When I built with GCC i had to explicitly include the python library. Again, hopefully your system has this setup already, but just an FYI.

-Lee
 

Cromulent

macrumors 604
Original poster
Oct 2, 2006
6,802
1,096
The Land of Hope and Glory
Crashes out when I try and run it in Xcode. I have the Python included with Xcode tools (2.5.1) and have included libpython.dylib into the project as well as the Python header file.

I'll have to do some more reading when I'm not so tired. I don't think I'm thinking straight enough to do any programming at the moment.
 

mamcx

macrumors regular
Mar 13, 2008
210
28
I think the best route is do this directly in python. You can put it to work faster with psyco and can solve the treading with stacless (but anyway, nobody can solve taht except if is erlang!).

Also, I think you can capture th datastream as fast as can, but delay the calculation thing.

Imagine is a waterfall. Put a lake to hold the water then later clean it. If the thing is something to be in a GUI the dealy is minimal.
 

lee1210

macrumors 68040
Jan 10, 2005
3,182
3
Dallas, TX
Crashes out when I try and run it in Xcode. I have the Python included with Xcode tools (2.5.1) and have included libpython.dylib into the project as well as the Python header file.

I'll have to do some more reading when I'm not so tired. I don't think I'm thinking straight enough to do any programming at the moment.

GDB it and see which of the PyObject pointers you have there come back null. The crash is likely passing one of those as null to another Python function, or when you do Py_DECREF on them. Once you know that it may be easier to figure out. I had the logic.py file in the same working directory as my program (I just used gcc from terminal, I wasn't trying Xcode), which is why I did:
Code:
sys.path.append('.')

I don't know what directory Xcode uses for its working directory, but it might be better for you, while you're trying this out, to put the logic.py file in a specific place, then just add that to Python's path using the sys.path.append function.

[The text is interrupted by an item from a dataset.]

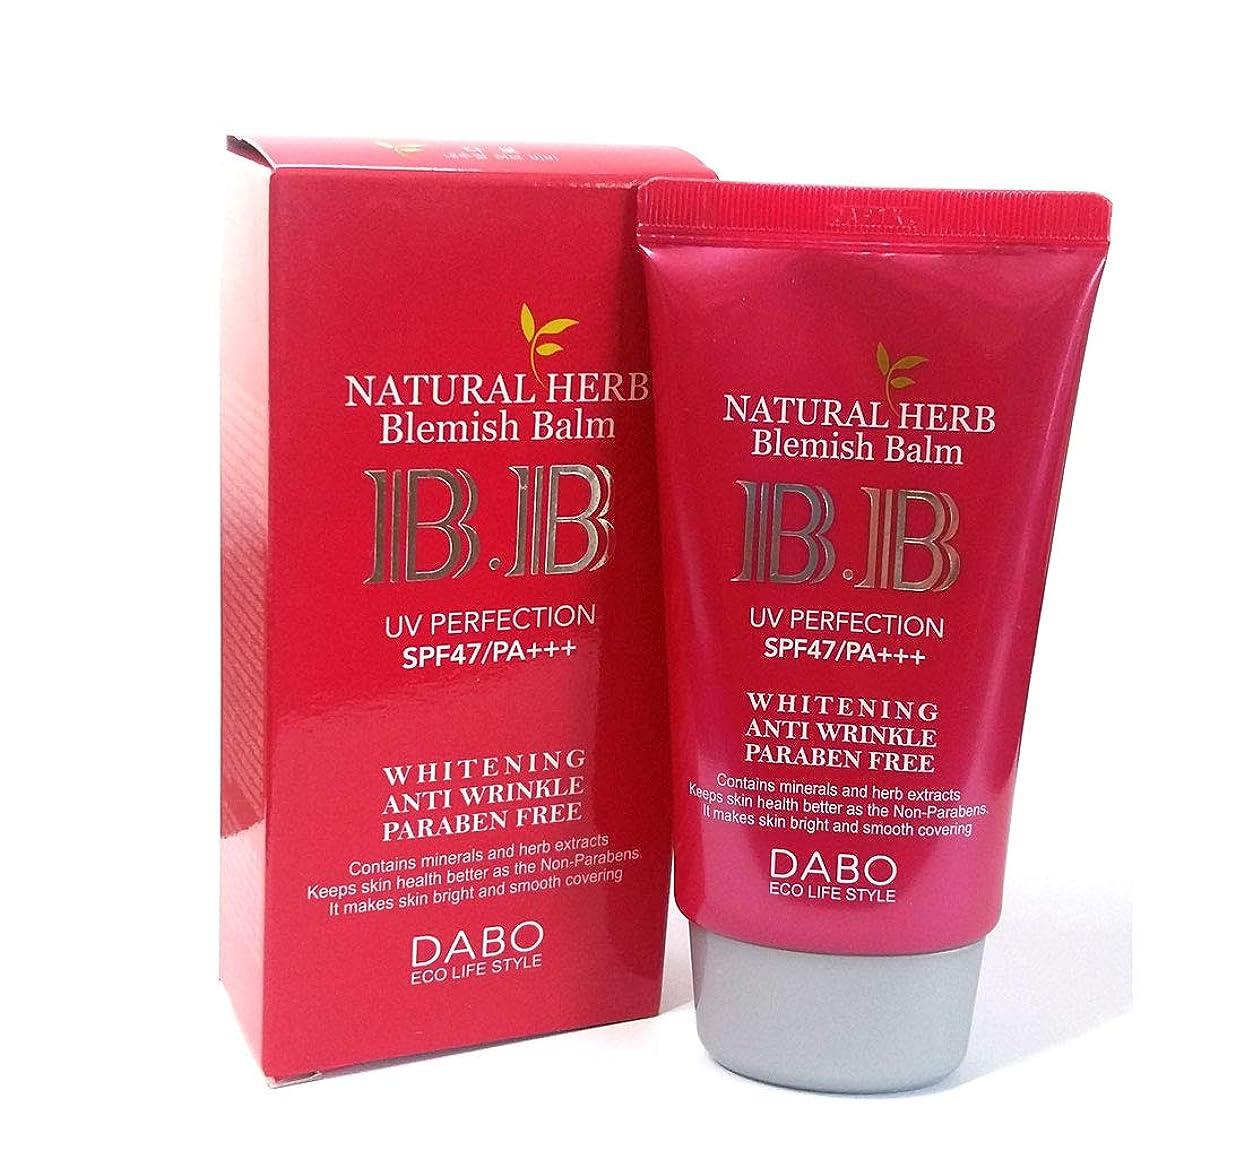 飢有力者アームストロング[DABO] ナチュラルハーブBBクリーム50ml / Natural Herb BB Cream 50ml /SPF47 PA +++ / ホワイトニング、UVプロテクト/韓国化粧品/Whitening, UV Protect/Korean Cosmetics [並行輸入品]

That was one of the causes of problems when I started out, the other was that I had to change the last argument of PyObject_CallFunction to NULL from the empty string. The rest of the issues I had seemed to be related to the environment, so if Xcode is already handling that you shouldn't have to worry about those.

-Lee

P.S. If you are going to go with a co-process method, you could just run a Python script by itself for the "data acquisition" process as mamcx suggested. However, I think these bridges are interesting so I like playing with them. Even after I went through the trouble of passing dynamic data to/from Fortran to C to Java (via JNI) and Fortran to C to C# (via Embedded Mono) I haven't ended up using either in production. In my case the overhead of starting a lot of JVMs for JNI or embedding the mono runtime in all of our processes wasn't worthwhile.
 

Cromulent

macrumors 604
Original poster
Oct 2, 2006
6,802
1,096
The Land of Hope and Glory
Bah, the program works perfectly when compiling on the command line :(. Yet another reason to hate IDE's which just get in your way...

I guess I'm going to have to have a closer look at Xcode.